Running mean of the entire X with a new batch $X_{k+1}$.

$
\begin {align*}
\mu _{k} 
&= \frac {L_{k-1} * \mu_{k-1} + \sum\limits X_{k}}{L_{k-1} + N_{k}} \\
&= \frac {(L_{k-1} + N_{k}) * \mu_{k-1} - N_{k} * \mu_{k-1} + \sum\limits X_{k}}{L_{k-1} + N_{k}} \\
&= \mu_{k-1} + \frac {\sum\limits X_{k} - N_{k} * \mu_{k-1}}{L_{k}}
\end {align*}
$

In [3]:
#!/usr/bin/python
"""
Requirements:
Parse the csv files 'data.csv'. Print out the:
a) row (game) count
b) average of "Game Length"
Skip malformed game data
Example input
"Game Number", "Game Length"
1, 30
2, 29
3, 31
4, 16
5, 24
6, 29
7, 28
8, 117
from thousands to millions of rows
"""
import csv
import numpy
import pandas as pd

def _to_Num(s):
    try:
        return int(s)
    except Exception as e:
        try:
            return float(s)
        except ValueError:
            return 0


def _is_ints(s):
    return [_to_Num(x) for x in s]


def stream(path):
    with open(path, 'rt+') as f:
        # Check if there is a header row
        has_header = csv.Sniffer().has_header(f.read(1024))

        # Reset the FP
        f.seek(0)
        lines = csv.reader(f, skipinitialspace=True)

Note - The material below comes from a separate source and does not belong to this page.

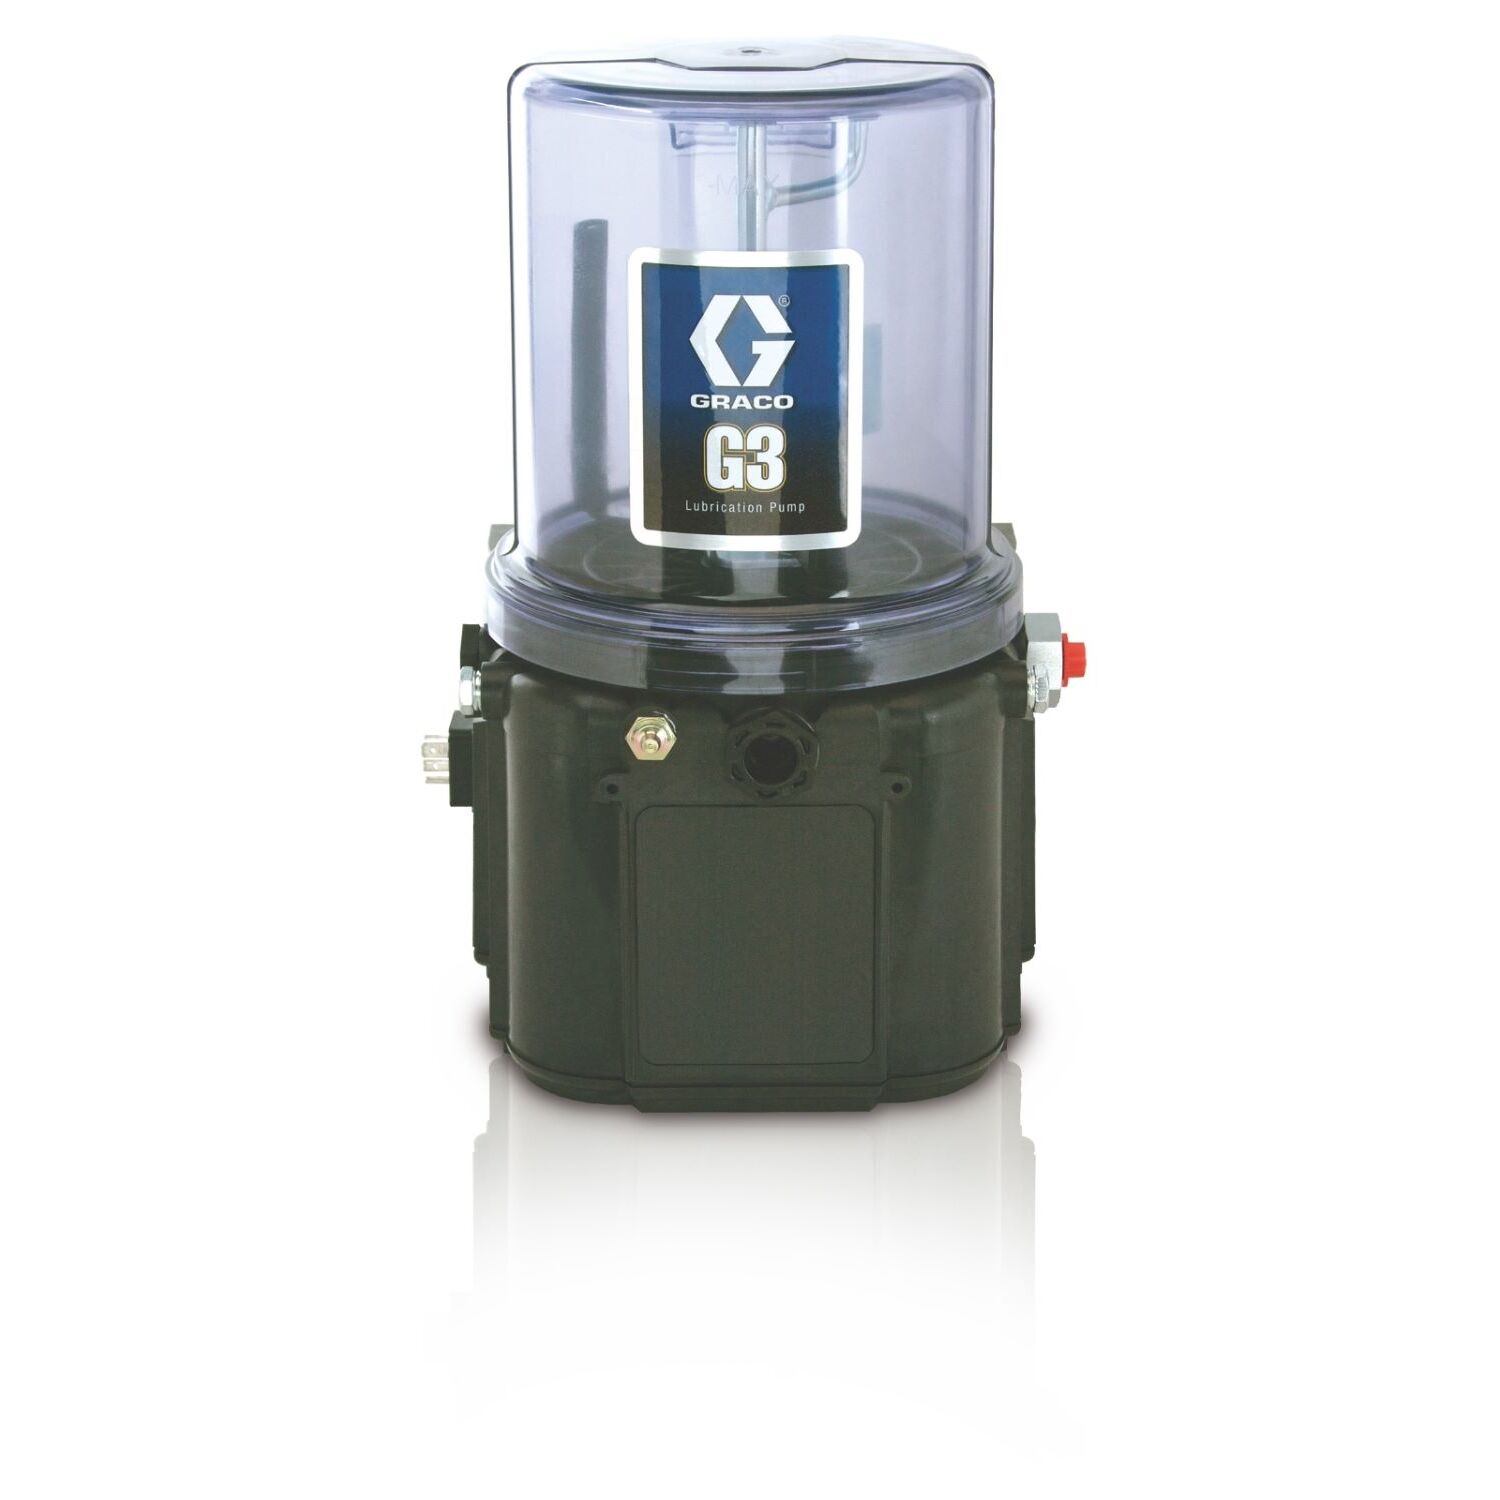 1 Bomba de lubricación con grasa estándar G3™, 24V DC, 2 litros, nivel bajo externo, CPC

        # Skip header if exists
        if has_header:
            next(lines)

        # yield rows
        for row in lines:
            if len(row) == 2:
                yield _is_ints(row)


avg_length = 0
count = 0

for game_number, game_length in stream('data.csv'):
    try:
        x = _to_Num(game_length)
        count += 1
        avg_length += (x - avg_length) / count
    except Exception as e:  # Could not cast to int. Row is malformed.
        print(e)
        continue

print(f"Games processed: {count}")  # Skip the header
print(f"Average game length: {avg_length}")
print("DONE")

Games processed: 8
Average game length: 38.0
DONE


In [6]:
df = pd.read_csv('data.csv', quotechar='"')
df

Unnamed: 0,GameNumber,GameLength
0,1,30
1,2,29
2,3,31
3,4,16
4,5,24
5,6,29
6,7,28
7,8,117


In [7]:
df['GameLength'].values.mean()

38.0